[ABOUT THIS TASK] Starting with the line that contains "Adidas Men's Originals" and stopping after the line that contains "Main Image - ESQ", copy the entries below exactly. Include nothing else.

[MATERIAL FOR THIS TASK]
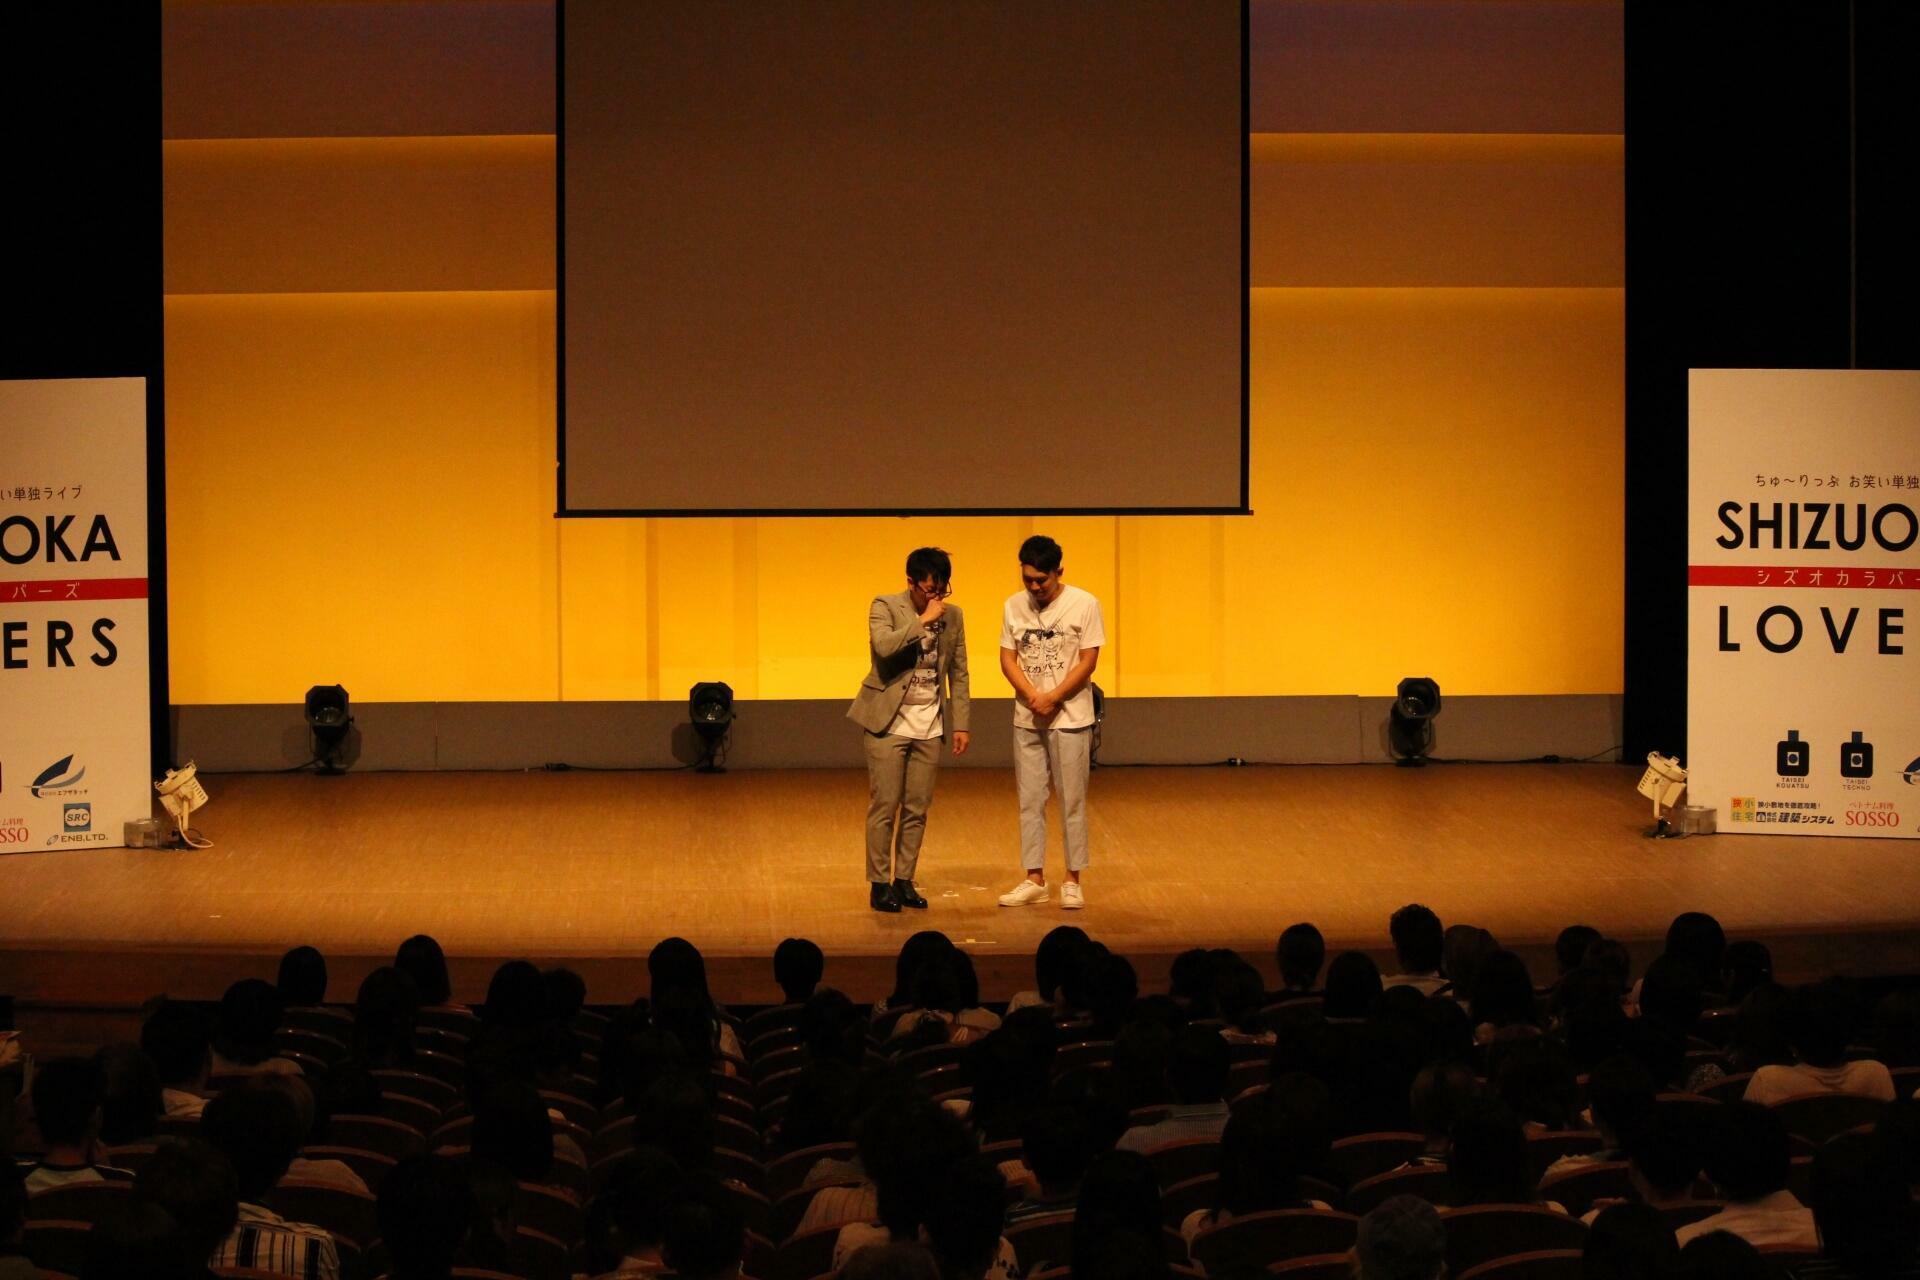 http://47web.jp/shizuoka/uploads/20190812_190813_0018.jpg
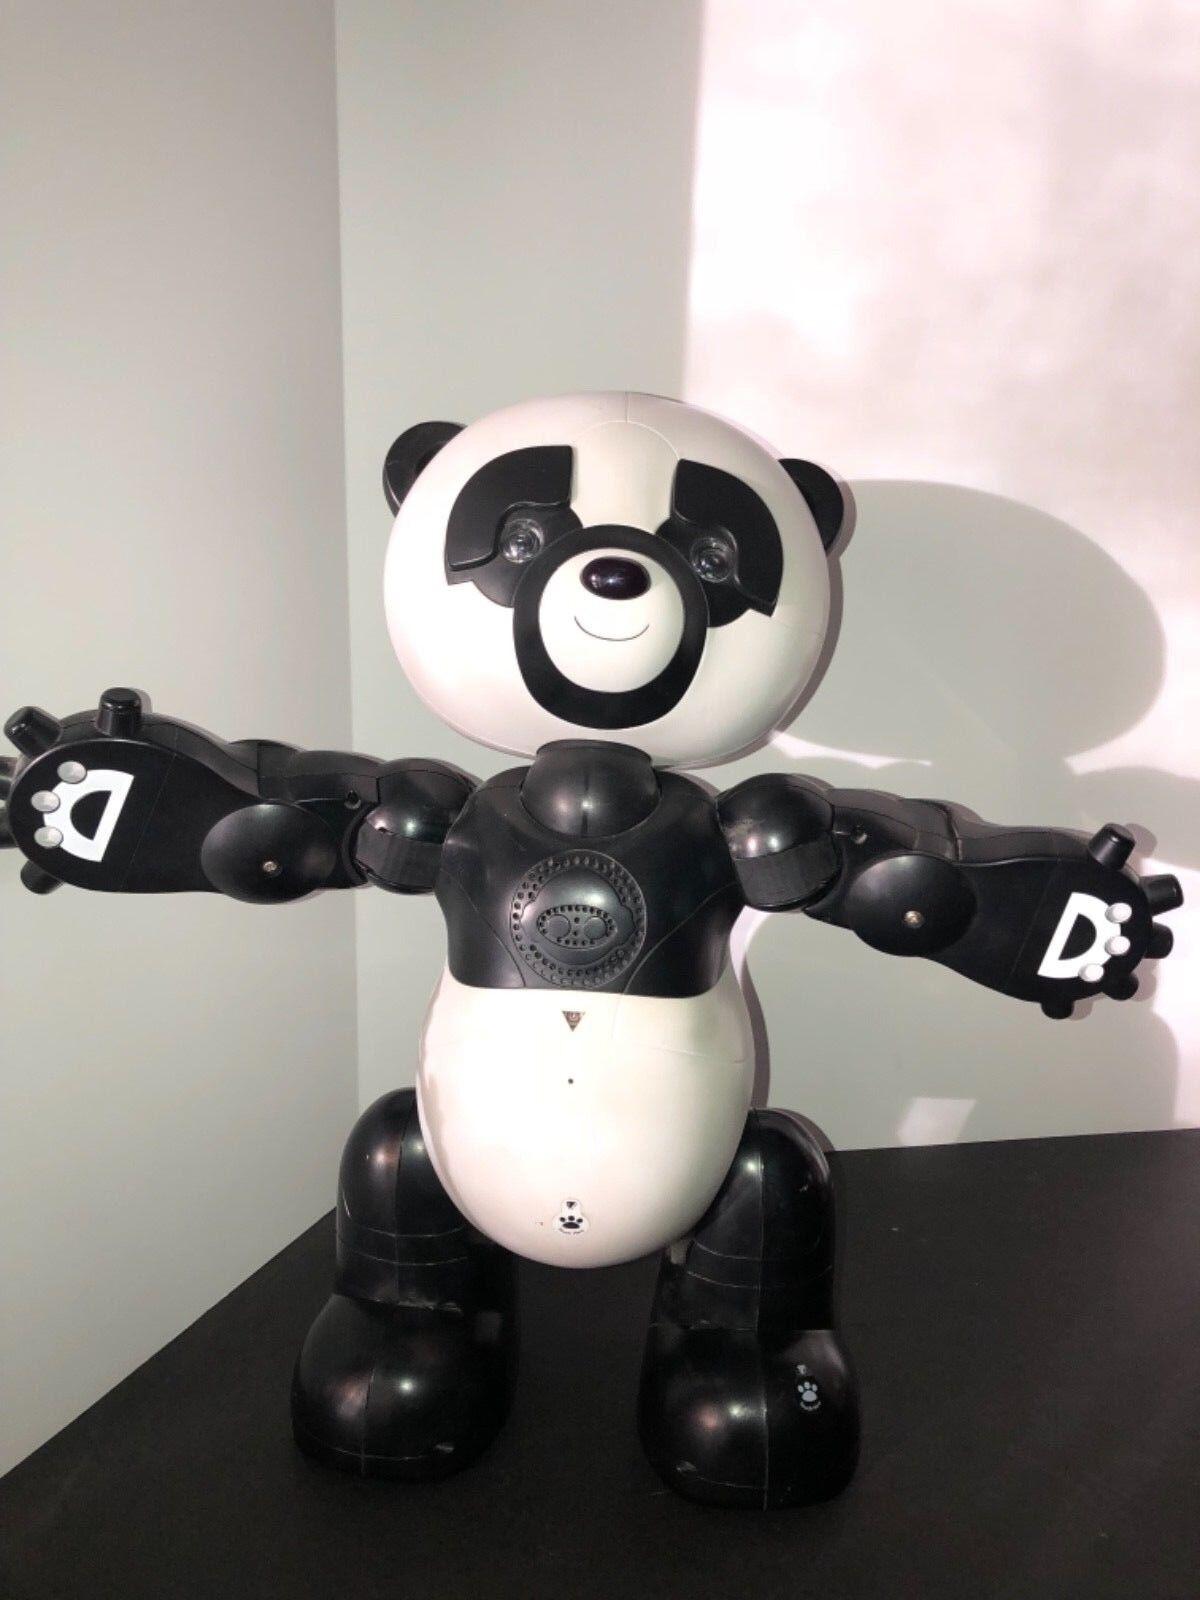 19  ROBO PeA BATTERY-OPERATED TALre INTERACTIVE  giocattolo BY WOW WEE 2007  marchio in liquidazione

---

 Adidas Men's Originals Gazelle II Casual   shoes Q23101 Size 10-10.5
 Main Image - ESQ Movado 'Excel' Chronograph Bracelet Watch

[WORKED SOLUTION]
 Adidas Men's Originals Gazelle II Casual   shoes Q23101 Size 10-10.5
 Main Image - ESQ Movado 'Excel' Chronograph Bracelet Watch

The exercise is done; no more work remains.